What you will do :: Starting at the first line of the listing below, retype each line up to and including the one that contains "His name is link |". Leave pictures out.

Dataset content ::
--------

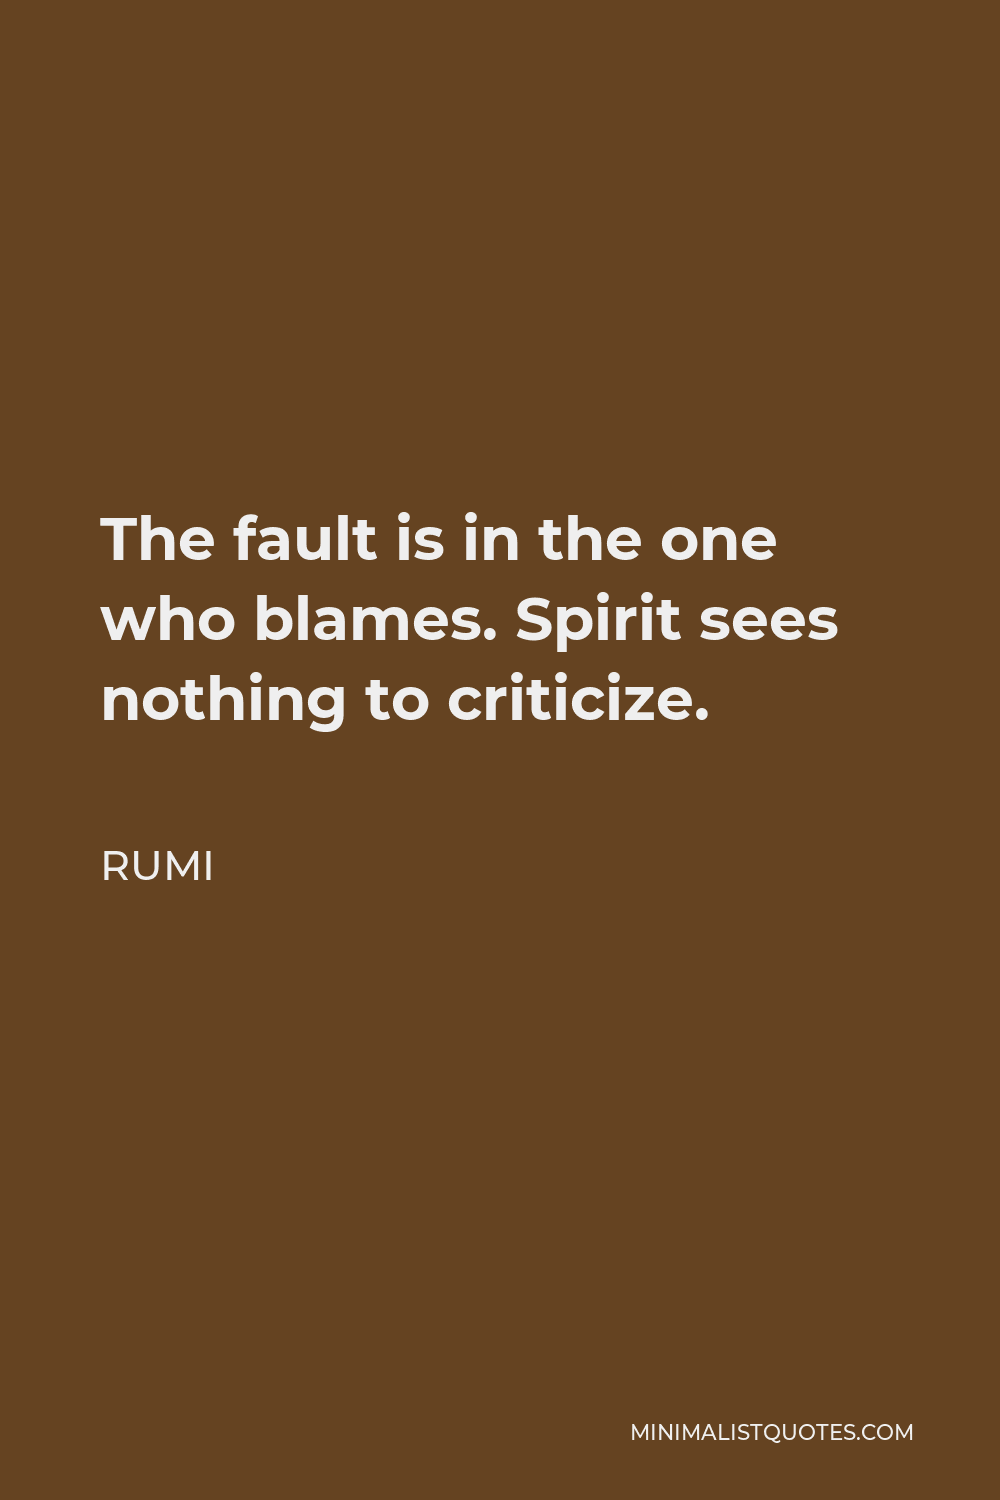 Rumi Quote - The fault is in the one who blames. Spirit sees nothing to criticize.
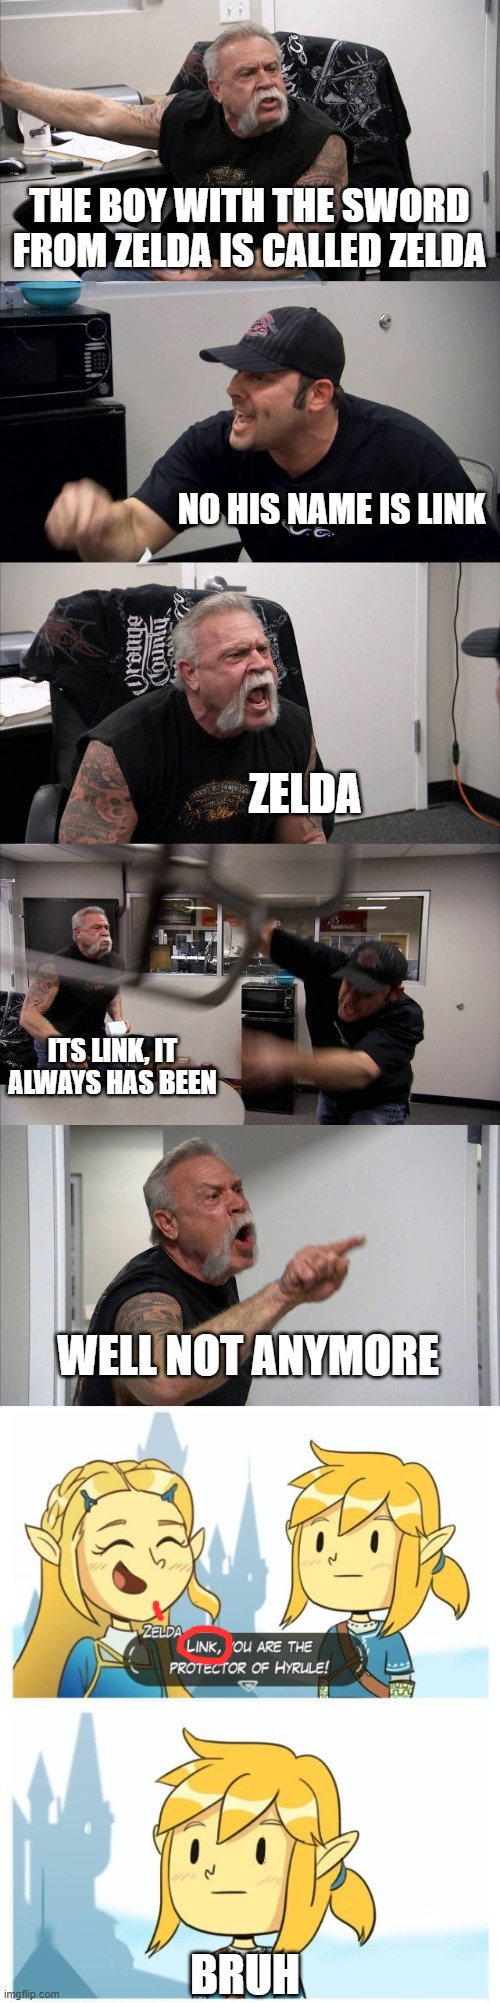 His name is link | THE BOY WITH THE SWORD FROM ZELDA IS CALLED ZELDA; NO HIS NAME IS LINK; ZELDA; ITS LINK, IT ALWAYS HAS BEEN; WELL NOT ANYMORE; BRUH | image tagged in memes,american chopper argument | made w/ Imgflip meme maker
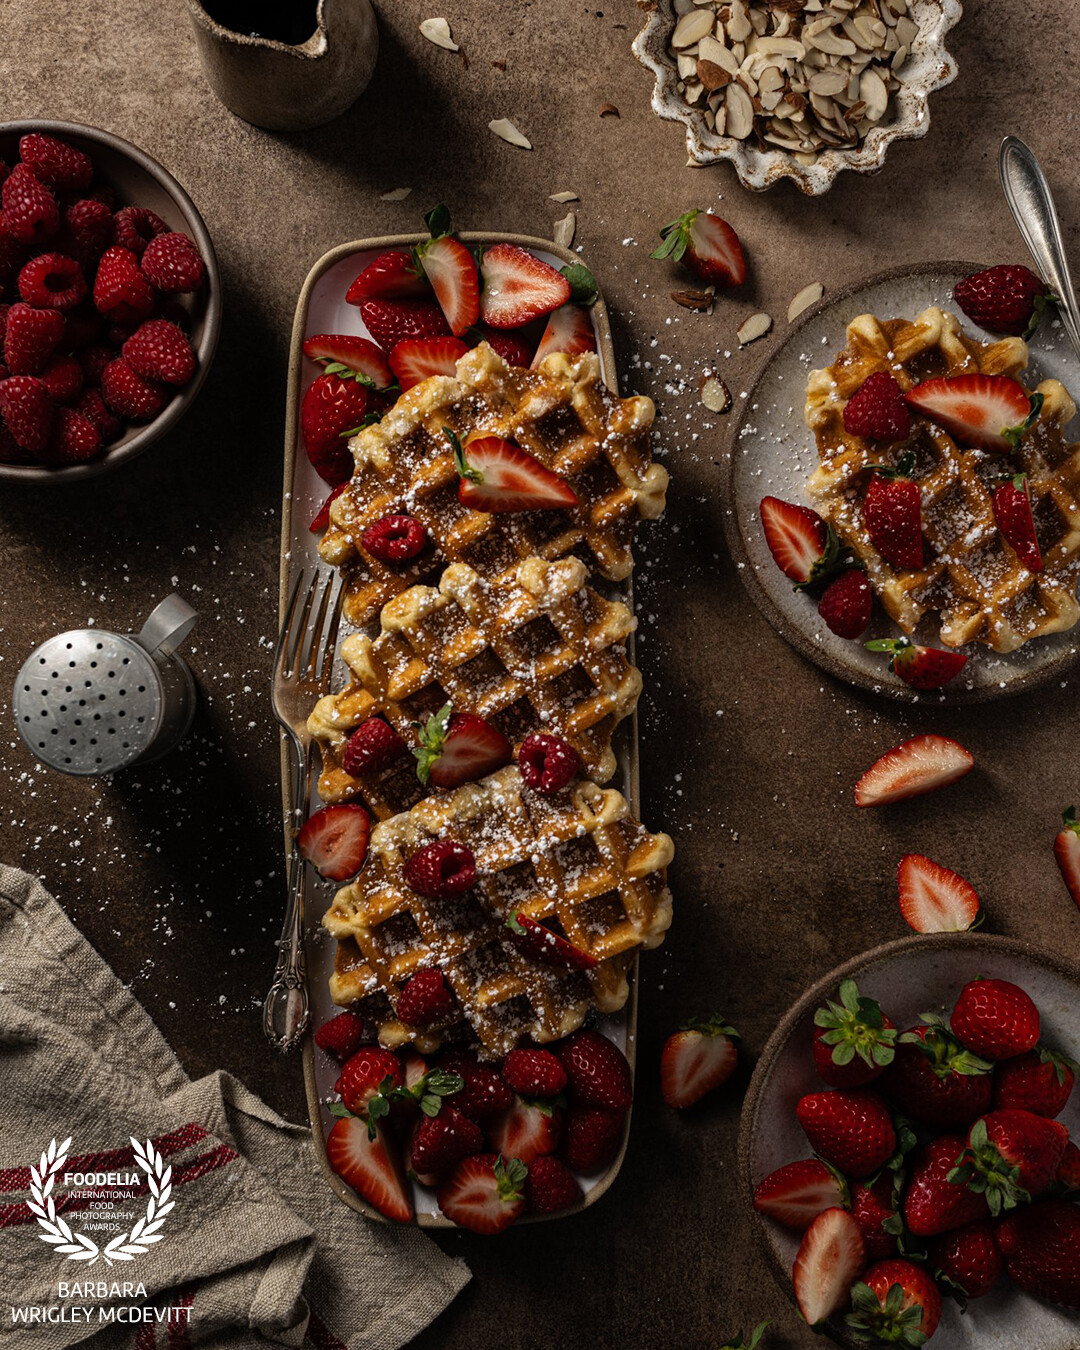 I wanted to do something a little festive for the holidays so I chose this Belgian Waffle, strawberry and raspberry composition on a brown background.  Shot with a Nikon z7ii, 24-120 lens at 40 mm, f/6.3, ss 125.  Profoto B10+ artificial light.  Edited in Lightroom.  After the shoot, all I had to do was serve and eat it!

--------

Response below ::
 Rumi Quote - The fault is in the one who blames. Spirit sees nothing to criticize.
 His name is link | THE BOY WITH THE SWORD FROM ZELDA IS CALLED ZELDA; NO HIS NAME IS LINK; ZELDA; ITS LINK, IT ALWAYS HAS BEEN; WELL NOT ANYMORE; BRUH | image tagged in memes,american chopper argument | made w/ Imgflip meme maker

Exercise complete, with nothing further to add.